### Dataset content
=== Section Start ===

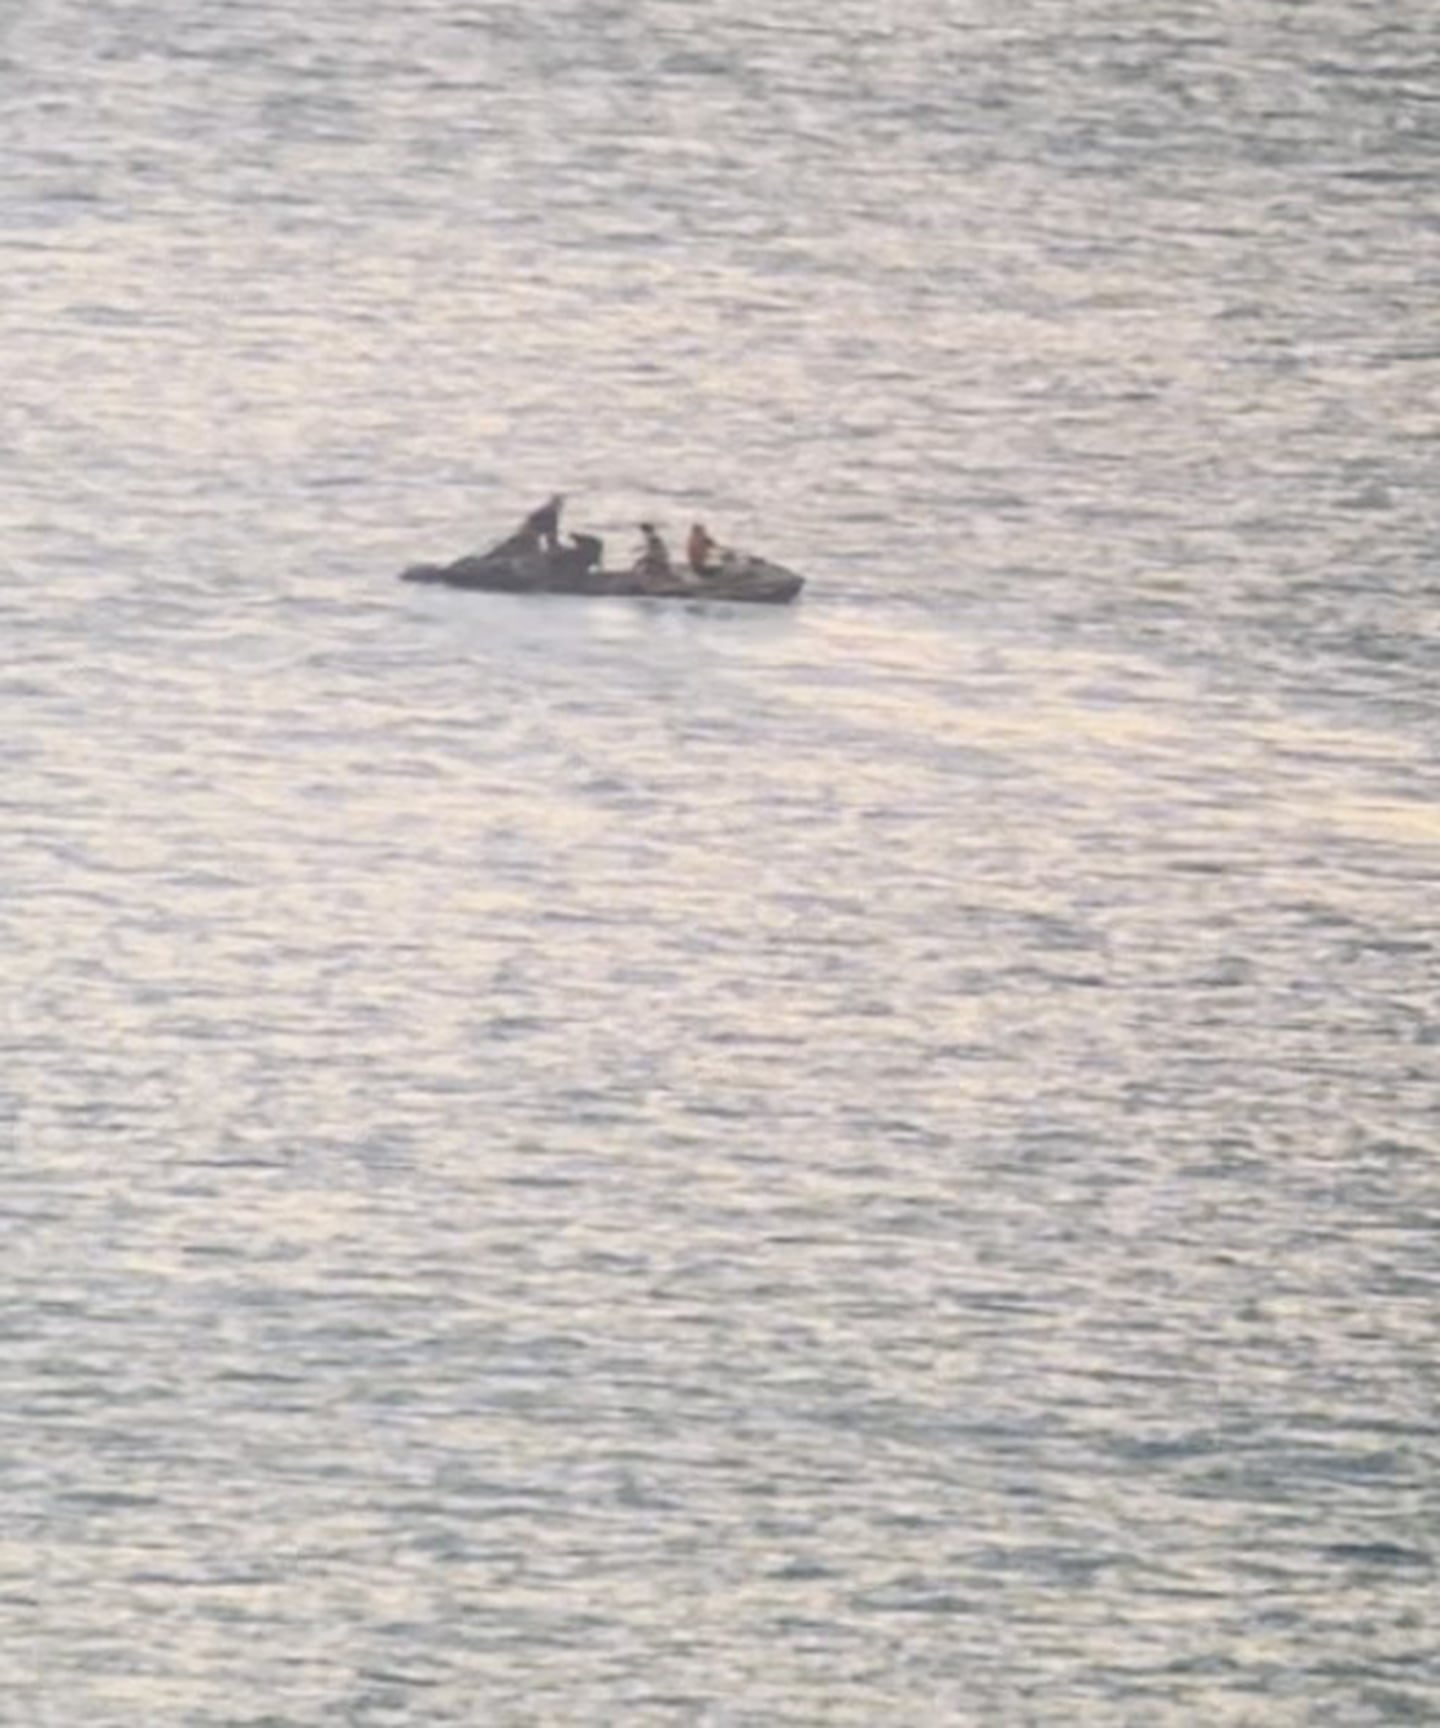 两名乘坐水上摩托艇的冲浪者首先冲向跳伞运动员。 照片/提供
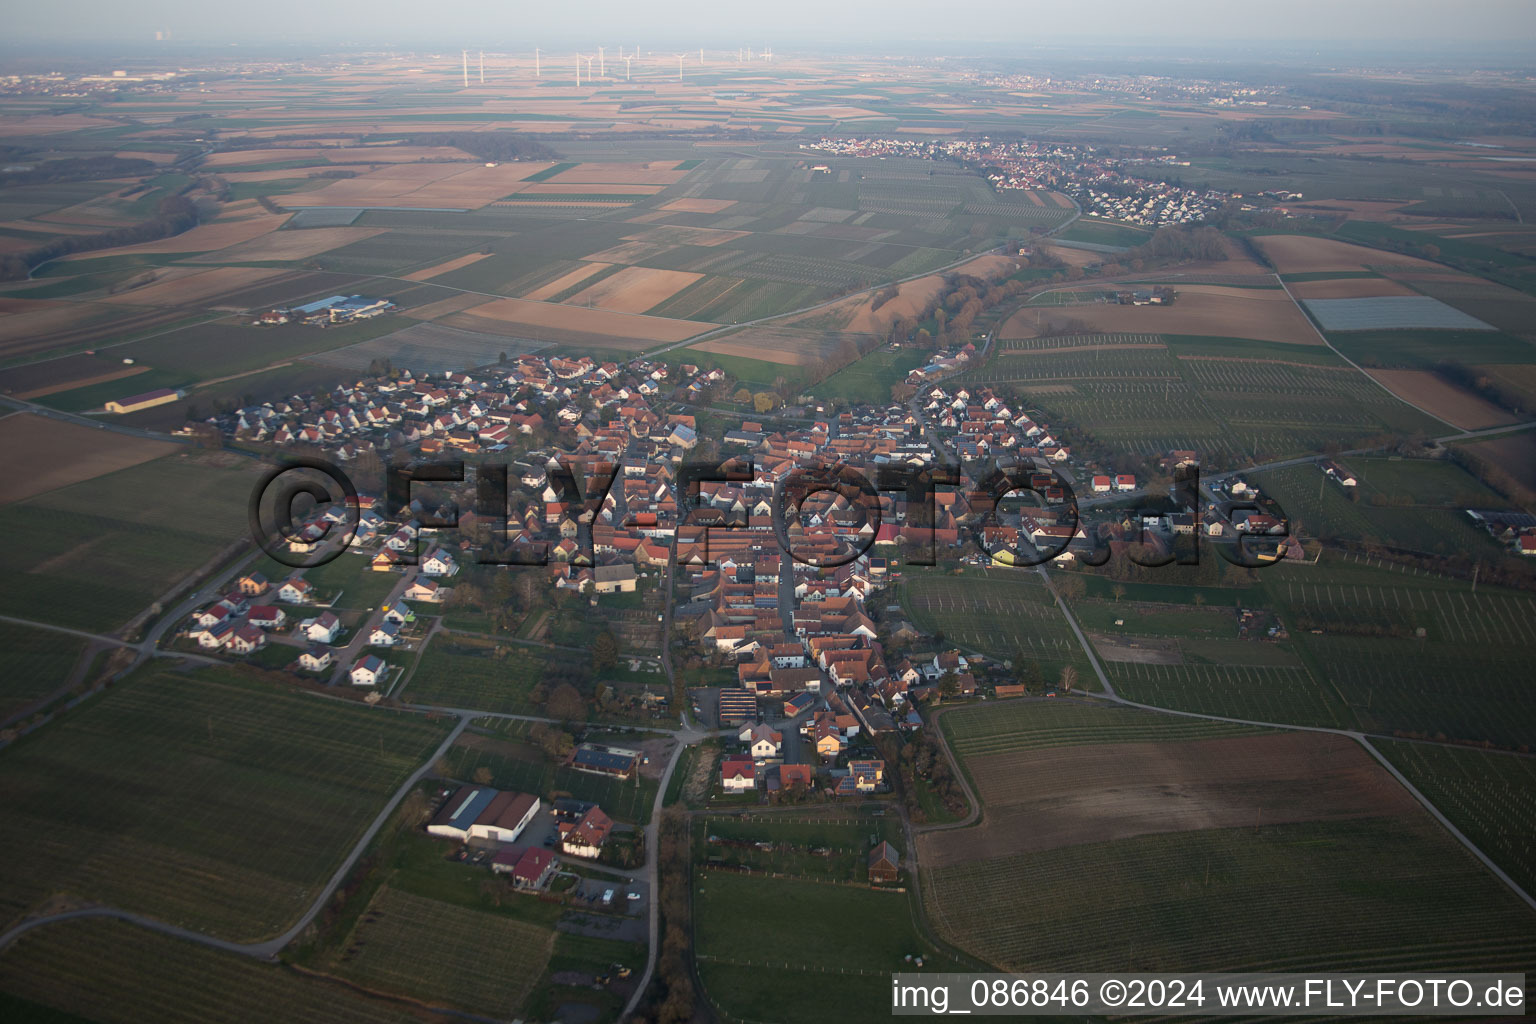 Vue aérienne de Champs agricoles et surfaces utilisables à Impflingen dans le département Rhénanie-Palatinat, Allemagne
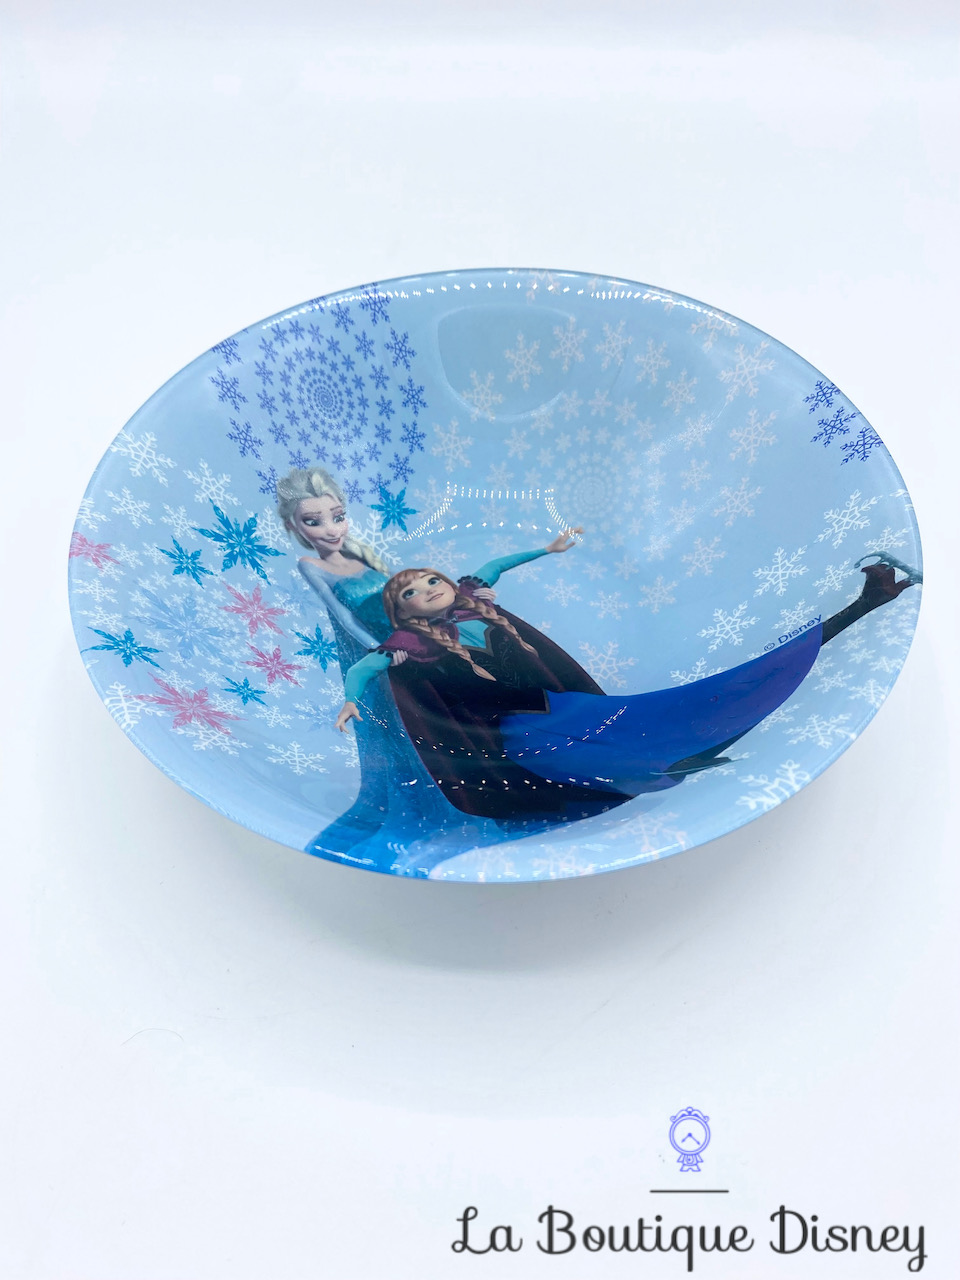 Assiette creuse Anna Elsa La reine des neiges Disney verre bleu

=== Section End ===

An exact transcription is requested of each line from the one that holds "Vue aérienne de" to the end of the listing above, both boundary lines included; pictures are to be omitted.

### Solution for this task
 Vue aérienne de Champs agricoles et surfaces utilisables à Impflingen dans le département Rhénanie-Palatinat, Allemagne
 Assiette creuse Anna Elsa La reine des neiges Disney verre bleu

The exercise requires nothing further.